I learned something this week: Cocoa powder isn’t raw, it’s cooked. Therefore, just because a brownie isn’t baked like these fudgy beauties doesn’t mean they’re truly raw. This is good to know.

Batch of homemade Espresso Walnut Brownies on a baking sheet

You see I’ve been learning a lot about whole foods lately. It all started with my stumbling upon Sprouted Kitchen where whole foods are tasty, and then ordering the Sprouted Kitchen cookbook. Since then I’ve been treating the thing like it’s my new foodie bible, because it is.

After that profound discovery came My New Roots, which I could rattle on about for hours. But for the sake of being concise, Sarah Britton is a whole foods genius and I want to shrink down to pocket size so I can ride around in her chef coat pocket and learn everything she knows about holistic cooking.

Think she’d mind? (OK, raise your hand if you think riding around in a little pocket would be super fun?!)

Espresso and dates for making our delicious Raw Brownies recipe

Sarah’s taught me a lot about food recently. How medjool dates are best, organic is worth budging for, and cocoa powder is not the same thing as cacao powder, just to name a few.

As Sarah explains, COCOA (koe-koe) powder is cooked which strips it of 90-some percent of its nutrients. However, raw CACAO (kuh-cow) powder is rife with health benefits like calcium, iron, and beta carotene. And it’s one of the top sources of magnesium found in nature.

So you see, cocoa and cacao are very different things, which is important to know if you’re shooting for optimum health like I am (trying to) these days.

Walnuts and almonds for making Raw Walnut Brownies

Unfortunately I was not able to get my hands on raw cacao powder before making these no-bake fudgy brownies, so they are not technically raw. But I have just placed an Amazon order for a bag today so the next time raw brownies appear on this blog they will be so healthy they’ll boast too many health benefits to count.

Oh goody.

But in the meantime, if you don’t have cacao powder you can make these brownies. And if you DO have cacao powder you can make them, too. Yours will just be healthier. But don’t go rubbing it in our faces or we’ll come and eat all your brownies.
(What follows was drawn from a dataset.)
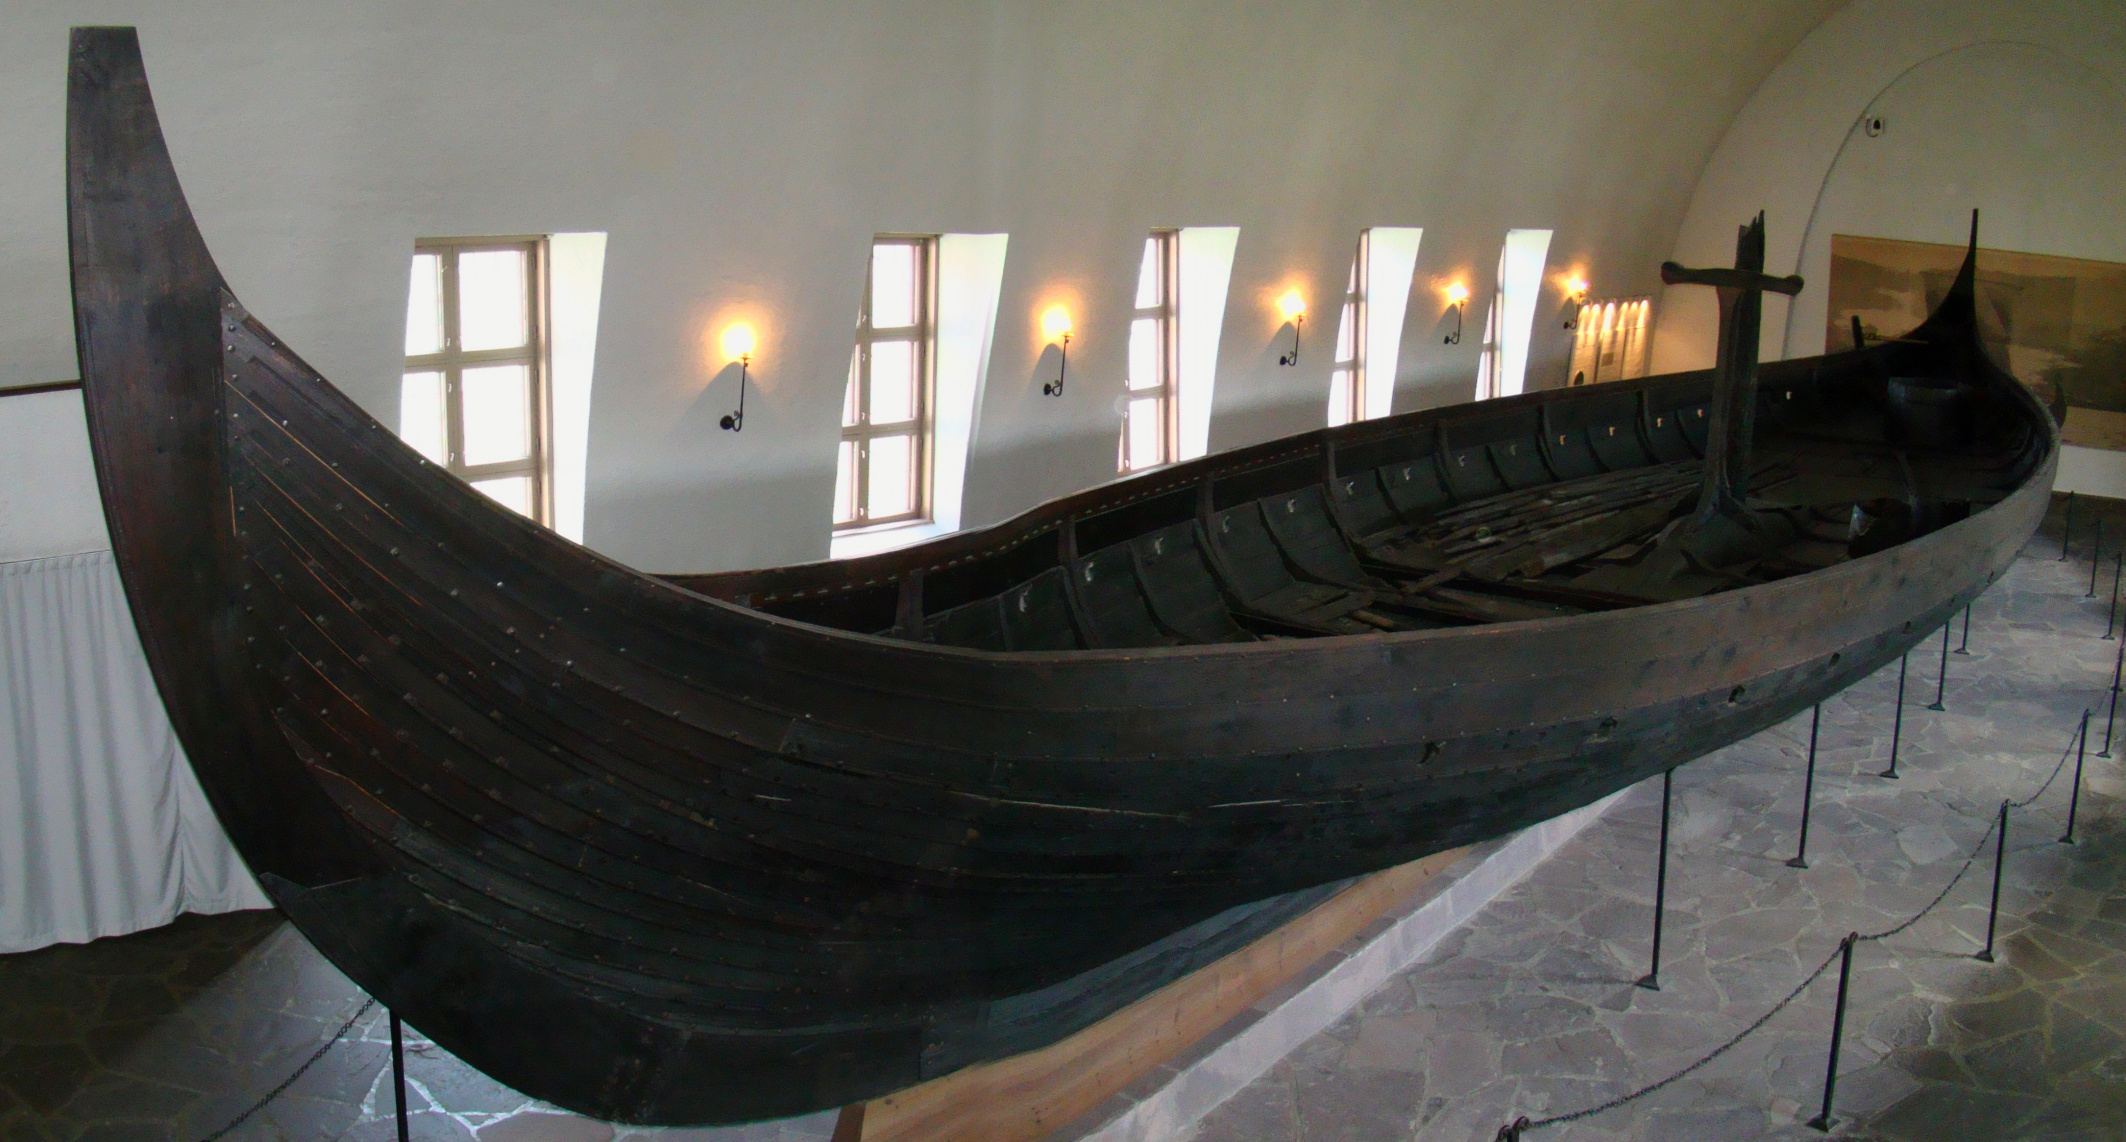 Le navire Gokstad dans le musée des navires vikings construit à cet effet à Oslo, en Norvège. Le navire mesure 24 mètres de long et 5 mètres de large et peut accueillir 32 hommes avec des rames pour ramer.

And how would you like that? Well, that’s what you get for gloating…

Coffee beans and a parchment-lined pan with a batch of our Raw Espresso Brownies

These brownies may not contain any butter, sugar, or flour, but they are some of the best I’ve had. They are moist, rich, dense, full of intense chocolate flavor and a hint of espresso. The walnut chunks make it, in my opinion, but if they’re not your thing leave them out.

I’ve already eaten half the batch since making them last week and have another healthy recipe utilizing them coming up later in the week so stay tuned. You don’t want to miss this ooey-gooey chocolaty treat.

Tall stack of our super simple Espresso Walnut Brownies recipe

5-Minute Espresso Walnut Brownies (No-Bake)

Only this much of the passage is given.